This article needs additional citations for verification. (May 2017) (Learn how and when to remove this template message)
Labeled data is a group of samples that have been tagged with one or more labels. Labeling typically takes a set of unlabeled data and augments each piece of that unlabeled data with meaningful tags that are informative. For example, labels might be indicate whether a photo contains a horse or a cow, which words were uttered in an audio recording, what type of action is being performed in a video, what the topic of a news article is, what the overall sentiment of a tweet is, whether the dot in an x-ray is a tumor, etc.

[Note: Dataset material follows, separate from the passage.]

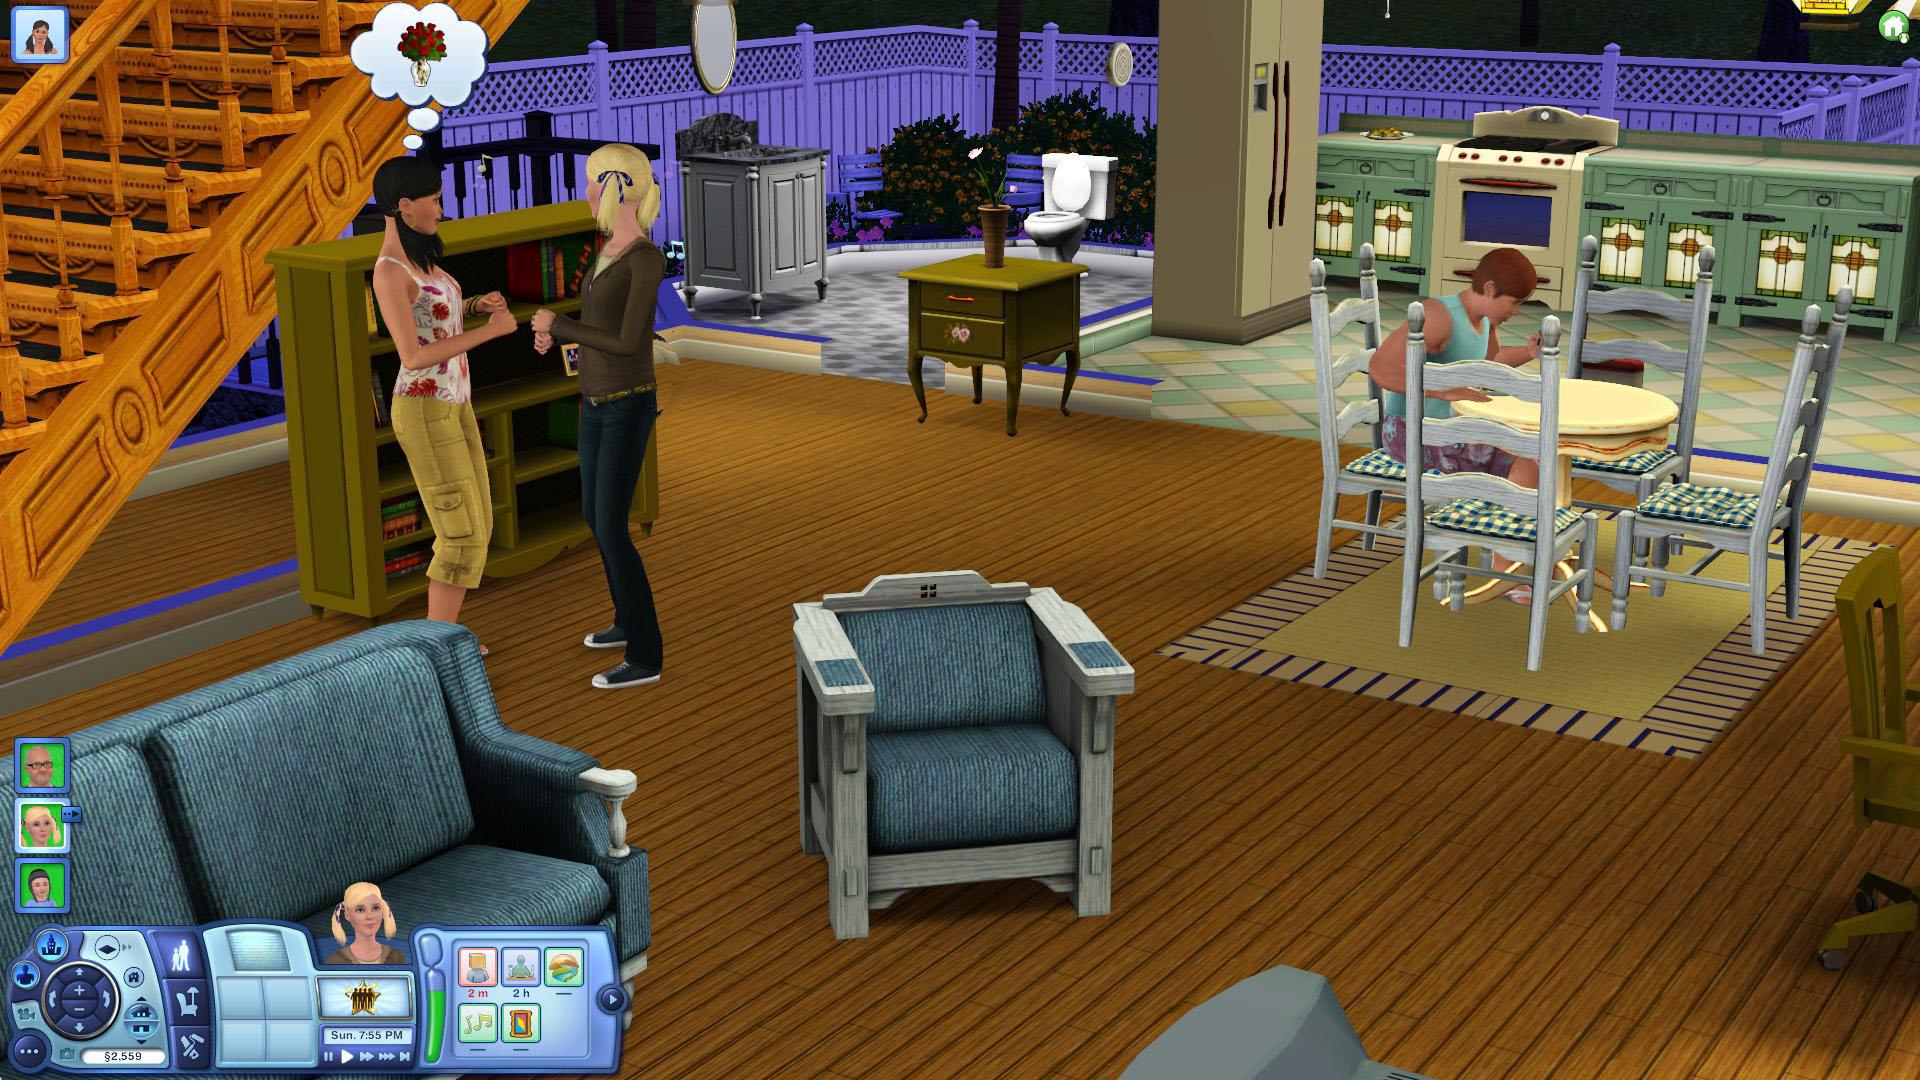 Compras the sims 3 jogo de pc origin download for Sims 3 spielideen

Labels can be obtained by asking humans to make judgments about a given piece of unlabeled data (e.g., "Does this photo contain a horse or a cow?"), and are significantly more expensive to obtain than the raw unlabeled data.
After obtaining a labeled dataset, machine learning models can be applied to the data so that new unlabeled data can be presented to the model and a likely label can be guessed or predicted for that piece of unlabeled data.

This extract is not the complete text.